Nvidia founder and CEO Jensen Huang in Gyeongju, South Korea on October 31, 2025. Woohae Cho/Getty ImagesNvidia is usually the company other firms have to respond to. Not the other way around.
But on Tuesday, the $4 trillion chipmaker did something rare: It took to X
to publicly defend itself after a report suggested that one of its biggest customers, Meta, is considering shifting part of its AI infrastructure to Google’s in-house chips, called TPUs.
The move came after Nvidia stock fell over 2.5% on the news, while shares of Alphabet—buoyed by its well-reviewed new Gemini 3 model—climbed for a third day in a row.
The catalyst was
a report from The Information claiming that Google has been pitching its AI chips to outside companies including Meta and several major financial institutions.
Google already rents those chips to customers through its cloud service, but expanding TPU use into customers’ own data centers would mark a major escalation of its rivalry with Nvidia.
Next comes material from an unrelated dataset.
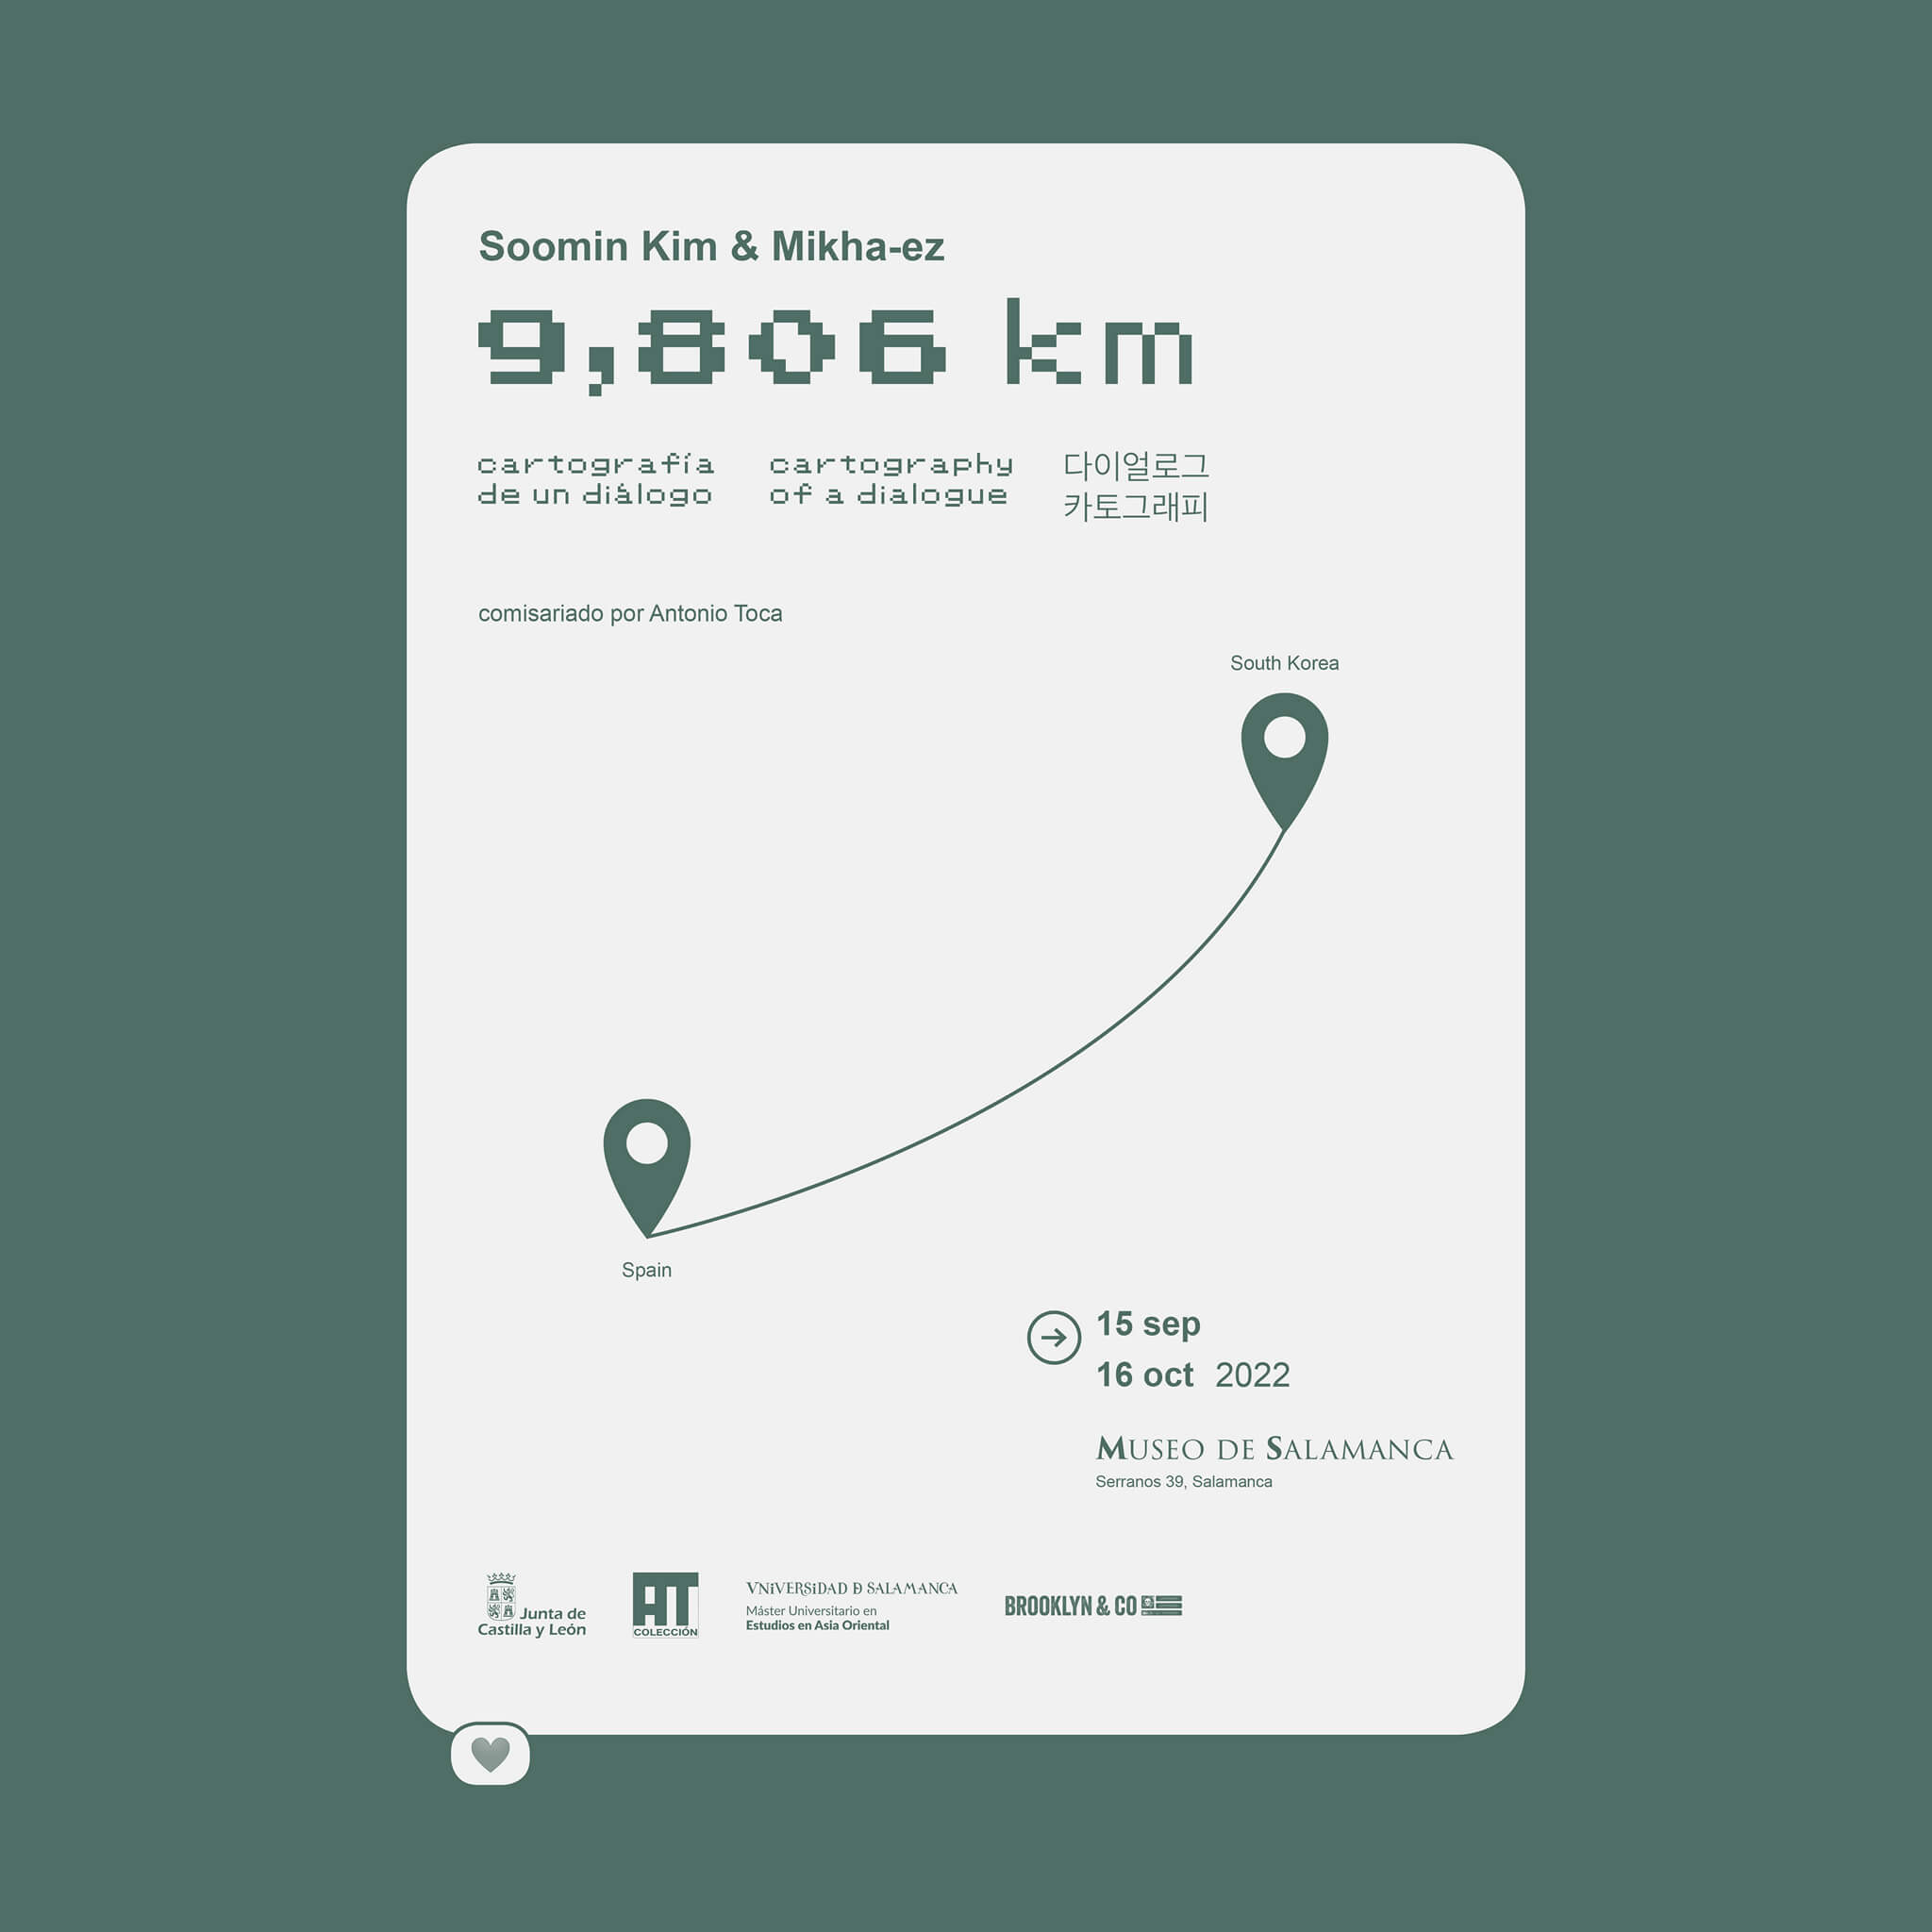 Museo de Salamanca | Soomin Kim & Mikha-ez. 9,806 km. Cartografía de un diálogo. | 15 de septiembre de 2022
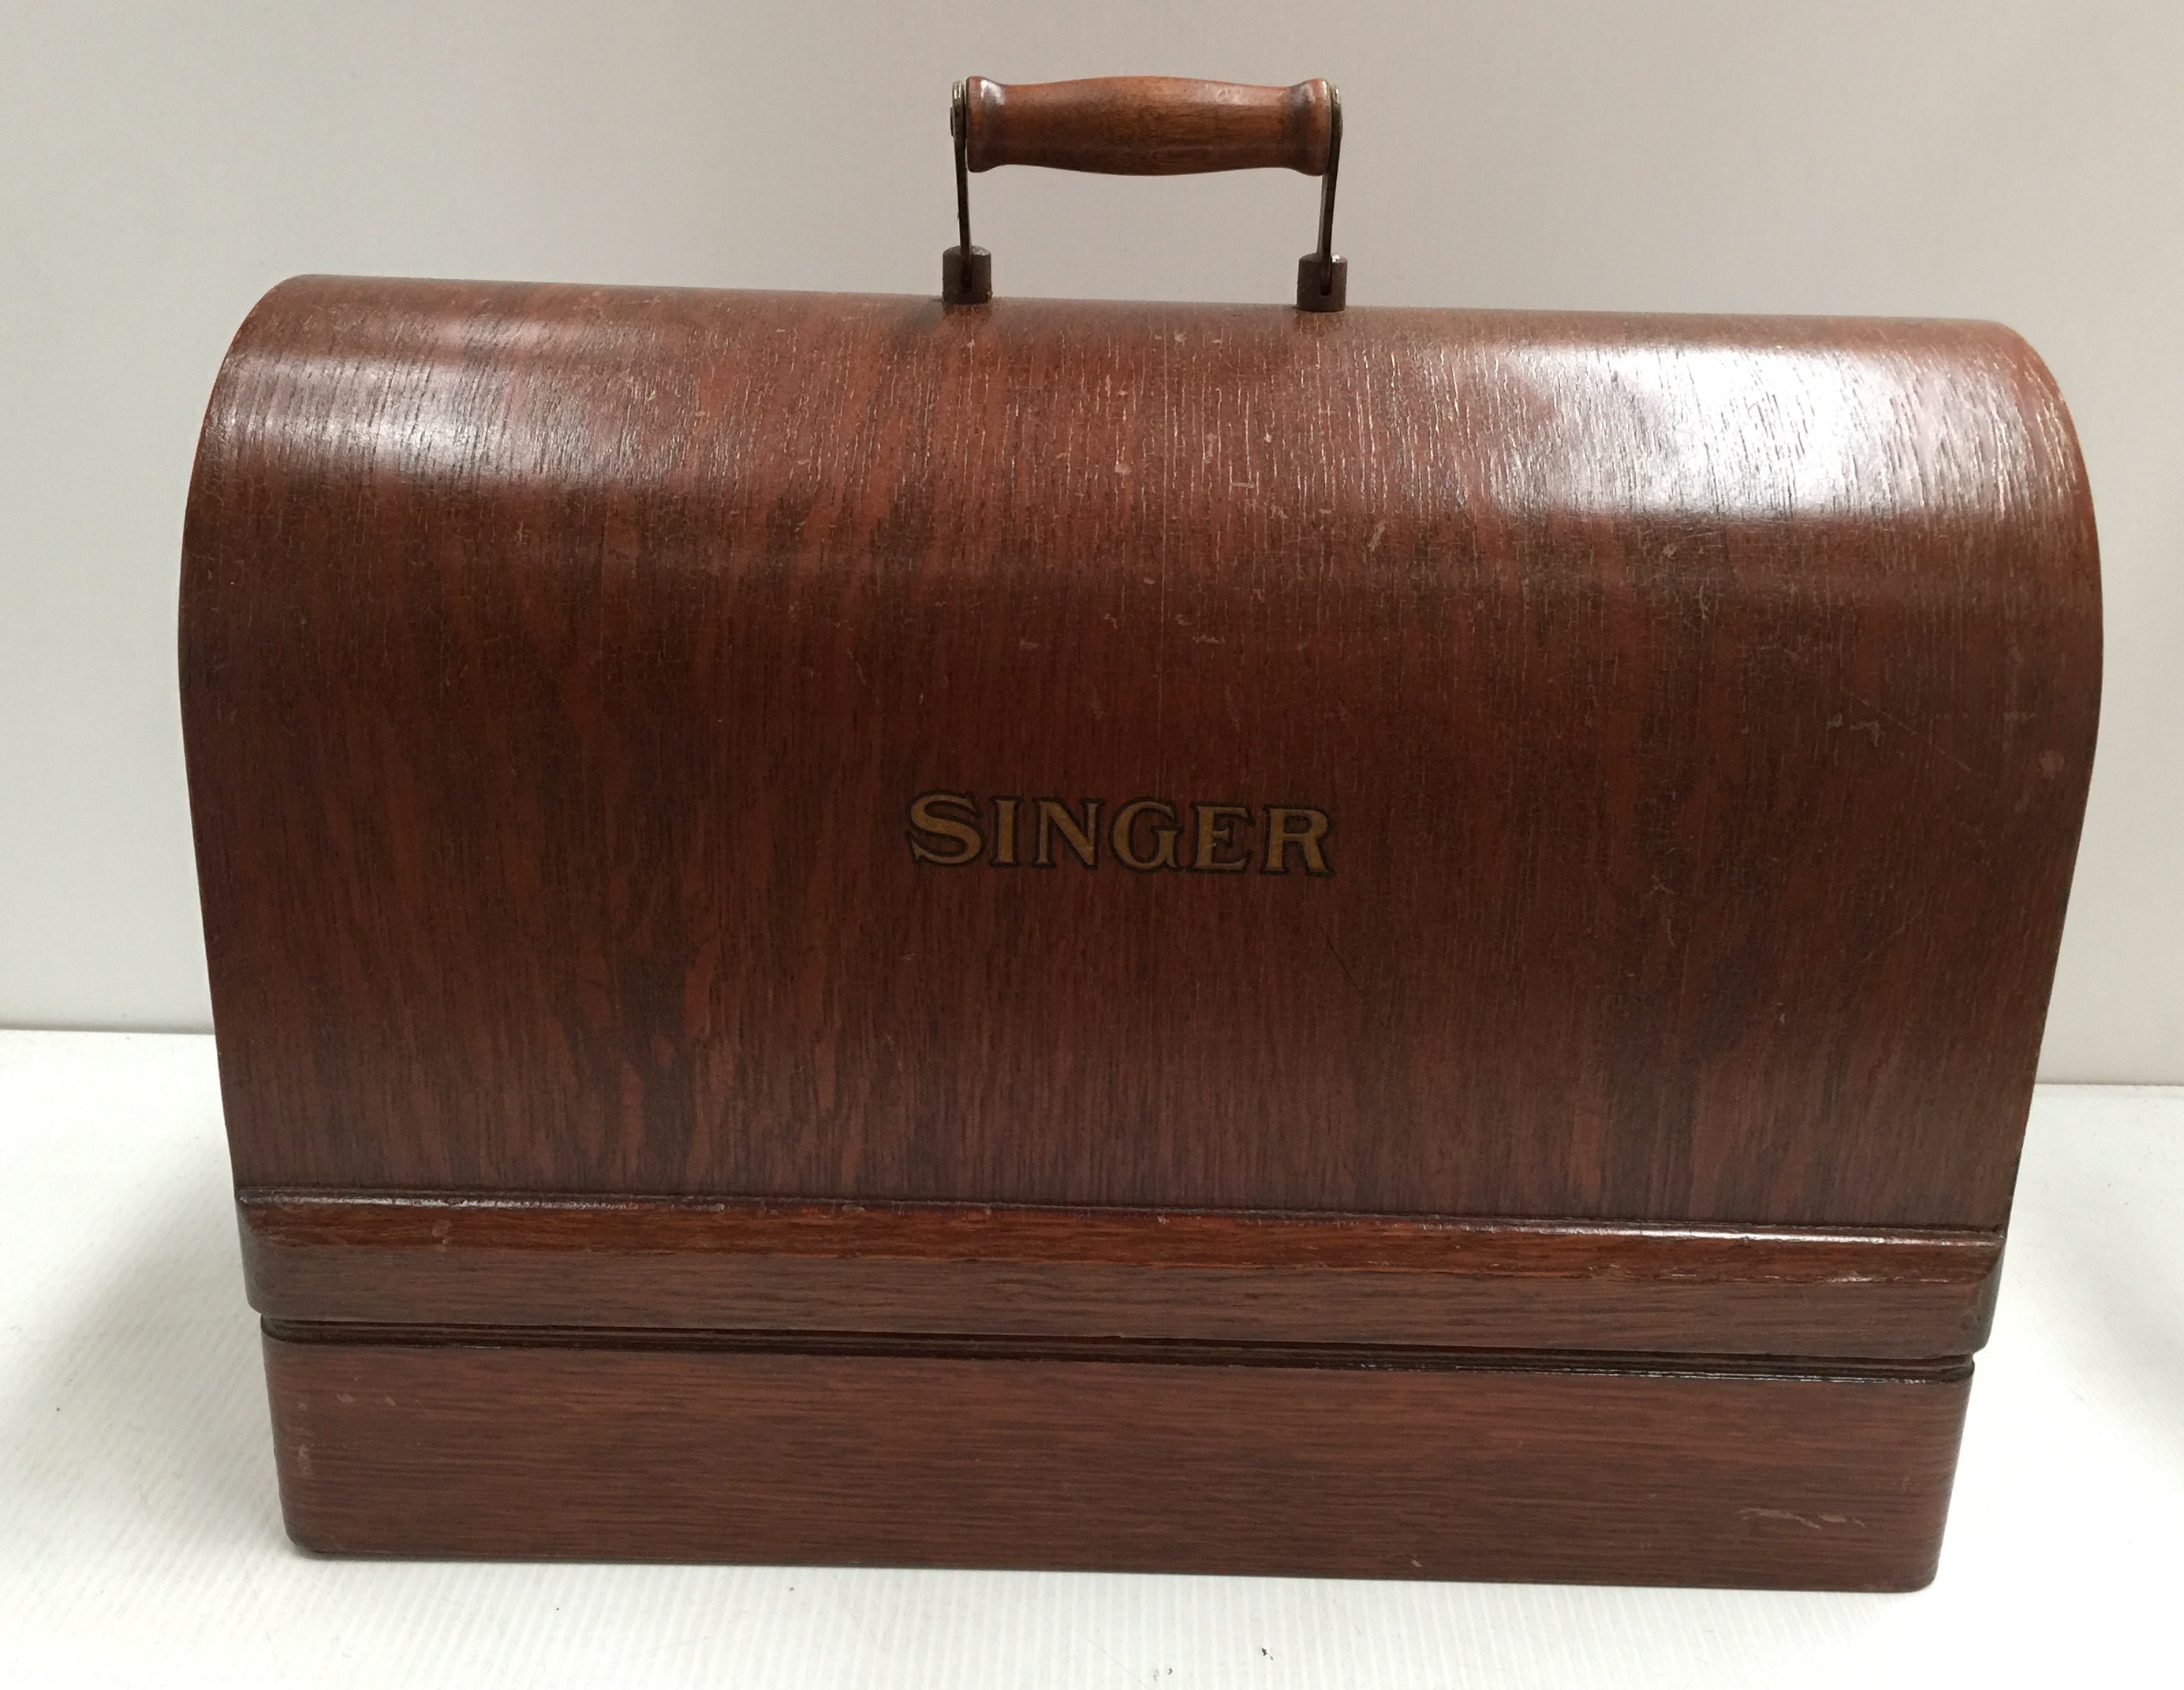 Singer manual sewing machine in wooden case [locked]

That was enough to rattle Wall Street and also Nvidia itself.
“We’re delighted by Google’s success—they’ve made great advances in AI, and we continue to supply to Google,” Nvidia wrote
in a post on X. “Nvidia is a generation ahead of the industry—it’s the only platform that runs every AI model and does it everywhere computing is done.”
It’s not hard to read between the lines. Google’s TPUs might be gaining traction, but Nvidia wants investors, and its customers, to know that it still sees itself as unstoppable.